Ho hum. There are plenty of other creaking stereotypes to be found in RWRB as well. The gay guy bottoms, of course. The boorish—or maybe it's ignorant—American's response to the Prince's maypole comment is: “What's a maypole?” Seriously?

Still, it's a romp, if a corny and wholly over-the-top one. The boys are cute (actor Nicholas Galitzine sure looks a lot like Bonny Prince Billy did back in his glory days); the sex (though very delicately handled: the graphically realistic penetration scene is shot entirely facially) is hot, hot, hot.

(No way I am ever going to forgive them, though, for making Minnesota a Red state during the Election Eve scenes. Effing Hollywood: they think Midwest/Flyover Country = Rust Belt. Get a clue, folks; Minnesota is Bluer than California.)
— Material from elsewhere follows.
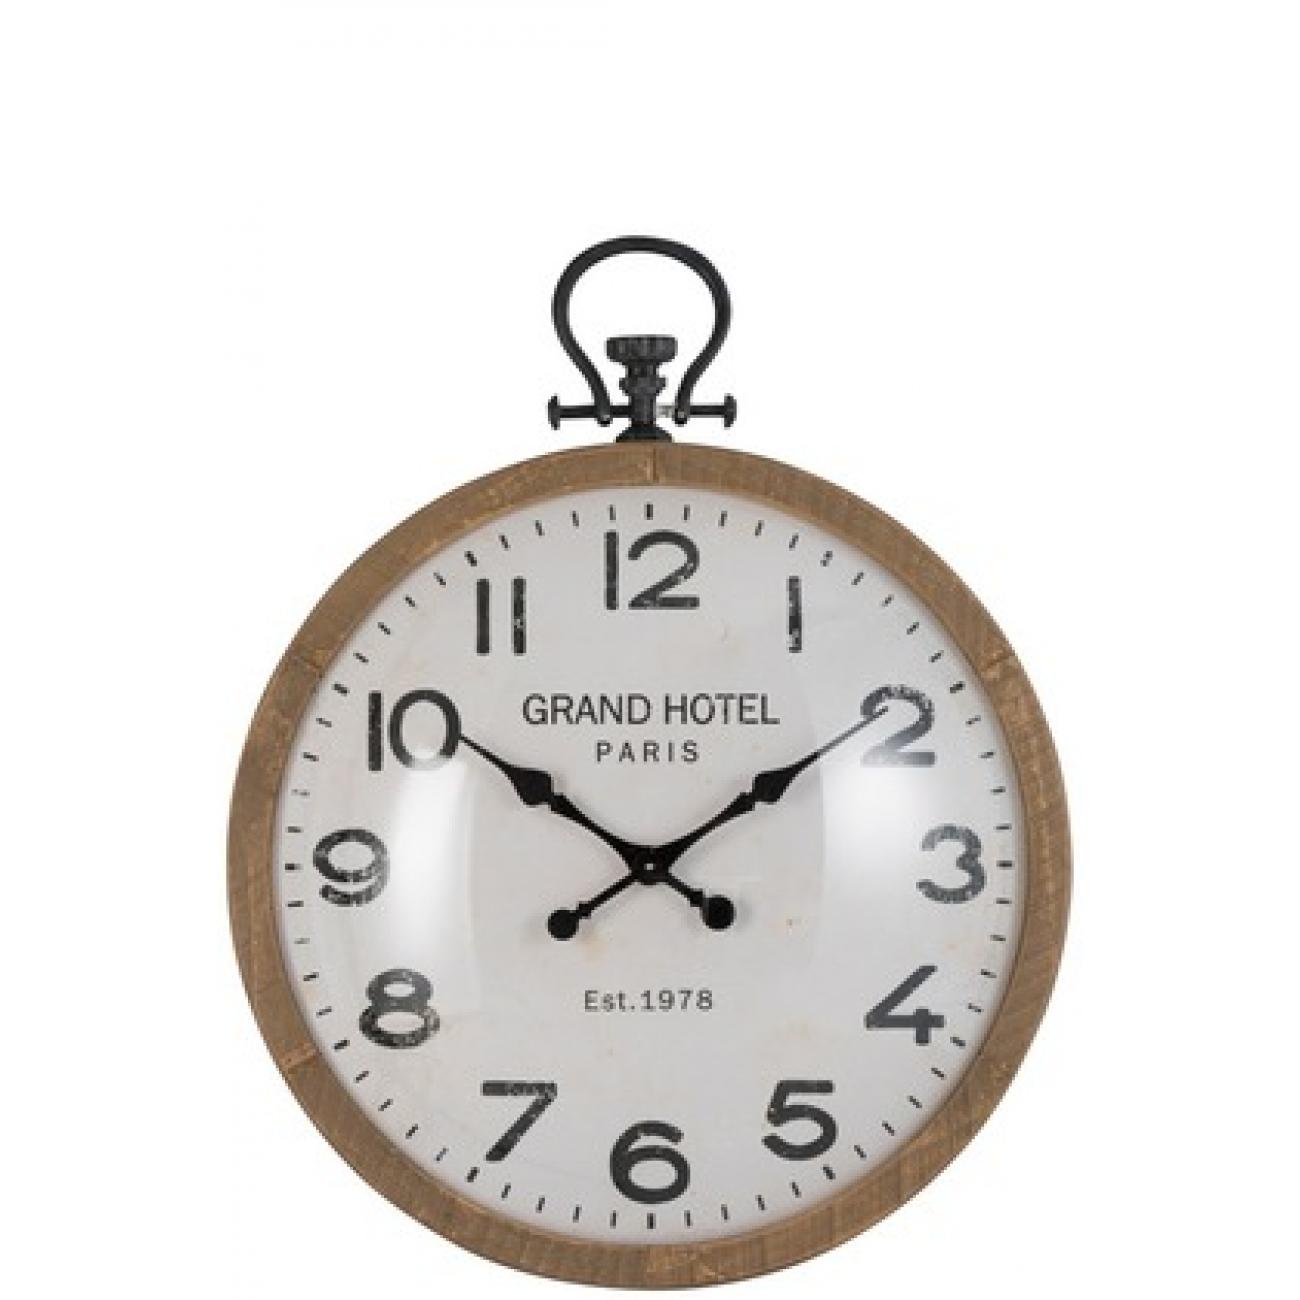 Настенные часы J-LINE круглые в деревянном корпусе с римскими цифрами Grand Hotel диаметр 90 см

Of course, there's a happy ending, shooting star and all.

Urk.

 

Would matriarchy be any kinder to male-male love than patriarchy? With so little (if any) historical information to draw on, I can see little reason—essentialist presumptions aside (v. supra)—for thinking so.

Still, that's not the point here. None of the -archies (including an-) are going to solve the problems of human society. At the corner of thirteenth and last—now there's a sign-post for you—we're all in this together, men, women, and everyone else; working together is what we've got to figure out.

As for the film, this is rom-com: fantasy, folks.

Don't overthink, don't ask the larger questions.

Just laugh, and ride along.

 

My favorite part of the film remains the maypole comment, which (be warned) I henceforth intend to use at every possible opportunity.

Here too, though, I find myself not entirely sure of what's actually being said. What's so gay about a maypole?